▶ [What you have to do] These records need to be repeated exactly, every one of them.

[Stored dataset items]

-- Opening Marker --

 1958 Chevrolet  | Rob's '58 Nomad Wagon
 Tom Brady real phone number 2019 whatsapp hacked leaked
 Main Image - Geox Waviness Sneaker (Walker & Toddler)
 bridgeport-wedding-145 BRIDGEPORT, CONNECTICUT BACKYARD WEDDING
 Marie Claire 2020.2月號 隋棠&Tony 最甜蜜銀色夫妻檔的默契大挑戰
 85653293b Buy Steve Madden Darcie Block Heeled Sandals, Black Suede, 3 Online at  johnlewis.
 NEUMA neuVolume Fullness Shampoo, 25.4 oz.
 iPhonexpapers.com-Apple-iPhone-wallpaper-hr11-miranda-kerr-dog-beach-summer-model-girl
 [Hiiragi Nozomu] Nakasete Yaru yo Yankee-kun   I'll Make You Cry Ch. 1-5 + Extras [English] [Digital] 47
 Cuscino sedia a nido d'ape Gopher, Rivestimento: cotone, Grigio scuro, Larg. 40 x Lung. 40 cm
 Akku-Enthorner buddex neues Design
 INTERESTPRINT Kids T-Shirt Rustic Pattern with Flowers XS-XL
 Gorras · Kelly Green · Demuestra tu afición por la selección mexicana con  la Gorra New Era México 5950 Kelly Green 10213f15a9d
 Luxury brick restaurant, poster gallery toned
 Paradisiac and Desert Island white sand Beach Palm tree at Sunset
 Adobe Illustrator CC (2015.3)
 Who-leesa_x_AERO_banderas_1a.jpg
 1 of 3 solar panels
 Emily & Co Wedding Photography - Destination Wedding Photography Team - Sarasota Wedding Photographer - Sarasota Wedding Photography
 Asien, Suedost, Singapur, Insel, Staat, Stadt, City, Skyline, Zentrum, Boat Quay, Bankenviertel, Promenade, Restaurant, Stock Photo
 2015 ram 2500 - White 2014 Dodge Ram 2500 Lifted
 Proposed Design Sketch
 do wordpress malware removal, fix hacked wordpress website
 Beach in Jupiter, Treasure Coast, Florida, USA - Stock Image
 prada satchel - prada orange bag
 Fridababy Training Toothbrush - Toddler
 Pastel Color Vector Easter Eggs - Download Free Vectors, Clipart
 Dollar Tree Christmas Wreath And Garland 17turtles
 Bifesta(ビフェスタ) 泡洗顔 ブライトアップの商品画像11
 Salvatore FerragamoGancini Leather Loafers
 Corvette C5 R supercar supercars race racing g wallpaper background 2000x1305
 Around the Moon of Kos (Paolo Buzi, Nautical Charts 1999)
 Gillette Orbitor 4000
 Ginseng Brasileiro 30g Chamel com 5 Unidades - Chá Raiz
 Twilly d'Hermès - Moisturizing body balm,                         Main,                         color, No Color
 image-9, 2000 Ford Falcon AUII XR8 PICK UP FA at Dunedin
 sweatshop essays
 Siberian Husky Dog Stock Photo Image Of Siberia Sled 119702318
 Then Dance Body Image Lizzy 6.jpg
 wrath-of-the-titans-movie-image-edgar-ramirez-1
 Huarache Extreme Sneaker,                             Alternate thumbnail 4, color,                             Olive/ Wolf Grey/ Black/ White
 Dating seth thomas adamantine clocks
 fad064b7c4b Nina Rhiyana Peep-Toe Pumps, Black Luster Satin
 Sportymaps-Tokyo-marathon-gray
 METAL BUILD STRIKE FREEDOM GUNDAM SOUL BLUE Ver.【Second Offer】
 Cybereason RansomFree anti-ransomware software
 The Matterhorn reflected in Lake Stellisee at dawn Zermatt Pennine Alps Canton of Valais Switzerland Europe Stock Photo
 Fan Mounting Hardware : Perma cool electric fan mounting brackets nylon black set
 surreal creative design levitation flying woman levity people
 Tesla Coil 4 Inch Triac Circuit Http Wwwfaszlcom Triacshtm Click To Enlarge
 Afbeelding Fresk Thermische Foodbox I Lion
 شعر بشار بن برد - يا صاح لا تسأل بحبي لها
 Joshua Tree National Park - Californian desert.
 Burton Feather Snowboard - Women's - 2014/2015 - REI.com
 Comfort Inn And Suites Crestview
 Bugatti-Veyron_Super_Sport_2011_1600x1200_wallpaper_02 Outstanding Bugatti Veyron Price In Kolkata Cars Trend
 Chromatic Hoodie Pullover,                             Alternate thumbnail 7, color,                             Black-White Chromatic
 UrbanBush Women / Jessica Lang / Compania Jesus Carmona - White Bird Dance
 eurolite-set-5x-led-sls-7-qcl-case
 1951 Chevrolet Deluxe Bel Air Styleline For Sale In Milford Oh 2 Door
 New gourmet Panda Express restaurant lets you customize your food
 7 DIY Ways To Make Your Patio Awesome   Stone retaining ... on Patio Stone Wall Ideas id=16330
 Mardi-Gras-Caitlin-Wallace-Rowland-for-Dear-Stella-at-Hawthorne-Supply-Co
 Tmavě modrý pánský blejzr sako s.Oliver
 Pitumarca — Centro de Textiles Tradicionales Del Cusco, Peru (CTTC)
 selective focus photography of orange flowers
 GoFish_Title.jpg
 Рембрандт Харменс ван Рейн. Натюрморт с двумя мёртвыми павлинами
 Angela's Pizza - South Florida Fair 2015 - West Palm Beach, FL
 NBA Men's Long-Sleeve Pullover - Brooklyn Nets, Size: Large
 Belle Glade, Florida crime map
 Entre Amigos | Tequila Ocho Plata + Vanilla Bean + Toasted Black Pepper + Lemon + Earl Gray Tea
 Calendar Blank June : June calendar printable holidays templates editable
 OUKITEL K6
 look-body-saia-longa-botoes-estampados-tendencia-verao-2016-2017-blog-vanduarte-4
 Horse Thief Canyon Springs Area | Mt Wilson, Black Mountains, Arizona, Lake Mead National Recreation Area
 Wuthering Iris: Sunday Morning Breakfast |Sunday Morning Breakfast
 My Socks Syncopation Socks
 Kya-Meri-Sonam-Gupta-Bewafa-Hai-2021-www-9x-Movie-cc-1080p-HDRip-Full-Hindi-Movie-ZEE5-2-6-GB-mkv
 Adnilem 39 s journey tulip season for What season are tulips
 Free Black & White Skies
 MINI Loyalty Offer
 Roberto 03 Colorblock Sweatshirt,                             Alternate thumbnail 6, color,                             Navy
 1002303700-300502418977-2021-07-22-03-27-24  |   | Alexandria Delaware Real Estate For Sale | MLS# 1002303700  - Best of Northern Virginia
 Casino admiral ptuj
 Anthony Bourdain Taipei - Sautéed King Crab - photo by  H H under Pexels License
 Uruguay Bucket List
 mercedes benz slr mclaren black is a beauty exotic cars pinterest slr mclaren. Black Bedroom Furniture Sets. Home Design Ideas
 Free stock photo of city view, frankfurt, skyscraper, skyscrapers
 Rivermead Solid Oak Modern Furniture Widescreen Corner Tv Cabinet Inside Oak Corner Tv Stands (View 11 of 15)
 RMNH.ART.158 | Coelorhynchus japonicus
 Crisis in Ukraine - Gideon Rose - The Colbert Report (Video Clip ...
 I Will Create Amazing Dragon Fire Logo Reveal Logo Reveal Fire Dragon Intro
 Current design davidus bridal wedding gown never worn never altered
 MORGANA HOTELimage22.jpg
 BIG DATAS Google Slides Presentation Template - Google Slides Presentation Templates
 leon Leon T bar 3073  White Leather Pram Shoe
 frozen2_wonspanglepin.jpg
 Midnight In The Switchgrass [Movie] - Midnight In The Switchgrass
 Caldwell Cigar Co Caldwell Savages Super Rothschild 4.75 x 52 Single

-- Closing Marker --

▶ [Solution for this problem]
 1958 Chevrolet  | Rob's '58 Nomad Wagon
 Tom Brady real phone number 2019 whatsapp hacked leaked
 Main Image - Geox Waviness Sneaker (Walker & Toddler)
 bridgeport-wedding-145 BRIDGEPORT, CONNECTICUT BACKYARD WEDDING
 Marie Claire 2020.2月號 隋棠&Tony 最甜蜜銀色夫妻檔的默契大挑戰
 85653293b Buy Steve Madden Darcie Block Heeled Sandals, Black Suede, 3 Online at  johnlewis.
 NEUMA neuVolume Fullness Shampoo, 25.4 oz.
 iPhonexpapers.com-Apple-iPhone-wallpaper-hr11-miranda-kerr-dog-beach-summer-model-girl
 [Hiiragi Nozomu] Nakasete Yaru yo Yankee-kun   I'll Make You Cry Ch. 1-5 + Extras [English] [Digital] 47
 Cuscino sedia a nido d'ape Gopher, Rivestimento: cotone, Grigio scuro, Larg. 40 x Lung. 40 cm
 Akku-Enthorner buddex neues Design
 INTERESTPRINT Kids T-Shirt Rustic Pattern with Flowers XS-XL
 Gorras · Kelly Green · Demuestra tu afición por la selección mexicana con  la Gorra New Era México 5950 Kelly Green 10213f15a9d
 Luxury brick restaurant, poster gallery toned
 Paradisiac and Desert Island white sand Beach Palm tree at Sunset
 Adobe Illustrator CC (2015.3)
 Who-leesa_x_AERO_banderas_1a.jpg
 1 of 3 solar panels
 Emily & Co Wedding Photography - Destination Wedding Photography Team - Sarasota Wedding Photographer - Sarasota Wedding Photography
 Asien, Suedost, Singapur, Insel, Staat, Stadt, City, Skyline, Zentrum, Boat Quay, Bankenviertel, Promenade, Restaurant, Stock Photo
 2015 ram 2500 - White 2014 Dodge Ram 2500 Lifted
 Proposed Design Sketch
 do wordpress malware removal, fix hacked wordpress website
 Beach in Jupiter, Treasure Coast, Florida, USA - Stock Image
 prada satchel - prada orange bag
 Fridababy Training Toothbrush - Toddler
 Pastel Color Vector Easter Eggs - Download Free Vectors, Clipart
 Dollar Tree Christmas Wreath And Garland 17turtles
 Bifesta(ビフェスタ) 泡洗顔 ブライトアップの商品画像11
 Salvatore FerragamoGancini Leather Loafers
 Corvette C5 R supercar supercars race racing g wallpaper background 2000x1305
 Around the Moon of Kos (Paolo Buzi, Nautical Charts 1999)
 Gillette Orbitor 4000
 Ginseng Brasileiro 30g Chamel com 5 Unidades - Chá Raiz
 Twilly d'Hermès - Moisturizing body balm,                         Main,                         color, No Color
 image-9, 2000 Ford Falcon AUII XR8 PICK UP FA at Dunedin
 sweatshop essays
 Siberian Husky Dog Stock Photo Image Of Siberia Sled 119702318
 Then Dance Body Image Lizzy 6.jpg
 wrath-of-the-titans-movie-image-edgar-ramirez-1
 Huarache Extreme Sneaker,                             Alternate thumbnail 4, color,                             Olive/ Wolf Grey/ Black/ White
 Dating seth thomas adamantine clocks
 fad064b7c4b Nina Rhiyana Peep-Toe Pumps, Black Luster Satin
 Sportymaps-Tokyo-marathon-gray
 METAL BUILD STRIKE FREEDOM GUNDAM SOUL BLUE Ver.【Second Offer】
 Cybereason RansomFree anti-ransomware software
 The Matterhorn reflected in Lake Stellisee at dawn Zermatt Pennine Alps Canton of Valais Switzerland Europe Stock Photo
 Fan Mounting Hardware : Perma cool electric fan mounting brackets nylon black set
 surreal creative design levitation flying woman levity people
 Tesla Coil 4 Inch Triac Circuit Http Wwwfaszlcom Triacshtm Click To Enlarge
 Afbeelding Fresk Thermische Foodbox I Lion
 شعر بشار بن برد - يا صاح لا تسأل بحبي لها
 Joshua Tree National Park - Californian desert.
 Burton Feather Snowboard - Women's - 2014/2015 - REI.com
 Comfort Inn And Suites Crestview
 Bugatti-Veyron_Super_Sport_2011_1600x1200_wallpaper_02 Outstanding Bugatti Veyron Price In Kolkata Cars Trend
 Chromatic Hoodie Pullover,                             Alternate thumbnail 7, color,                             Black-White Chromatic
 UrbanBush Women / Jessica Lang / Compania Jesus Carmona - White Bird Dance
 eurolite-set-5x-led-sls-7-qcl-case
 1951 Chevrolet Deluxe Bel Air Styleline For Sale In Milford Oh 2 Door
 New gourmet Panda Express restaurant lets you customize your food
 7 DIY Ways To Make Your Patio Awesome   Stone retaining ... on Patio Stone Wall Ideas id=16330
 Mardi-Gras-Caitlin-Wallace-Rowland-for-Dear-Stella-at-Hawthorne-Supply-Co
 Tmavě modrý pánský blejzr sako s.Oliver
 Pitumarca — Centro de Textiles Tradicionales Del Cusco, Peru (CTTC)
 selective focus photography of orange flowers
 GoFish_Title.jpg
 Рембрандт Харменс ван Рейн. Натюрморт с двумя мёртвыми павлинами
 Angela's Pizza - South Florida Fair 2015 - West Palm Beach, FL
 NBA Men's Long-Sleeve Pullover - Brooklyn Nets, Size: Large
 Belle Glade, Florida crime map
 Entre Amigos | Tequila Ocho Plata + Vanilla Bean + Toasted Black Pepper + Lemon + Earl Gray Tea
 Calendar Blank June : June calendar printable holidays templates editable
 OUKITEL K6
 look-body-saia-longa-botoes-estampados-tendencia-verao-2016-2017-blog-vanduarte-4
 Horse Thief Canyon Springs Area | Mt Wilson, Black Mountains, Arizona, Lake Mead National Recreation Area
 Wuthering Iris: Sunday Morning Breakfast |Sunday Morning Breakfast
 My Socks Syncopation Socks
 Kya-Meri-Sonam-Gupta-Bewafa-Hai-2021-www-9x-Movie-cc-1080p-HDRip-Full-Hindi-Movie-ZEE5-2-6-GB-mkv
 Adnilem 39 s journey tulip season for What season are tulips
 Free Black & White Skies
 MINI Loyalty Offer
 Roberto 03 Colorblock Sweatshirt,                             Alternate thumbnail 6, color,                             Navy
 1002303700-300502418977-2021-07-22-03-27-24  |   | Alexandria Delaware Real Estate For Sale | MLS# 1002303700  - Best of Northern Virginia
 Casino admiral ptuj
 Anthony Bourdain Taipei - Sautéed King Crab - photo by  H H under Pexels License
 Uruguay Bucket List
 mercedes benz slr mclaren black is a beauty exotic cars pinterest slr mclaren. Black Bedroom Furniture Sets. Home Design Ideas
 Free stock photo of city view, frankfurt, skyscraper, skyscrapers
 Rivermead Solid Oak Modern Furniture Widescreen Corner Tv Cabinet Inside Oak Corner Tv Stands (View 11 of 15)
 RMNH.ART.158 | Coelorhynchus japonicus
 Crisis in Ukraine - Gideon Rose - The Colbert Report (Video Clip ...
 I Will Create Amazing Dragon Fire Logo Reveal Logo Reveal Fire Dragon Intro
 Current design davidus bridal wedding gown never worn never altered
 MORGANA HOTELimage22.jpg
 BIG DATAS Google Slides Presentation Template - Google Slides Presentation Templates
 leon Leon T bar 3073  White Leather Pram Shoe
 frozen2_wonspanglepin.jpg
 Midnight In The Switchgrass [Movie] - Midnight In The Switchgrass
 Caldwell Cigar Co Caldwell Savages Super Rothschild 4.75 x 52 Single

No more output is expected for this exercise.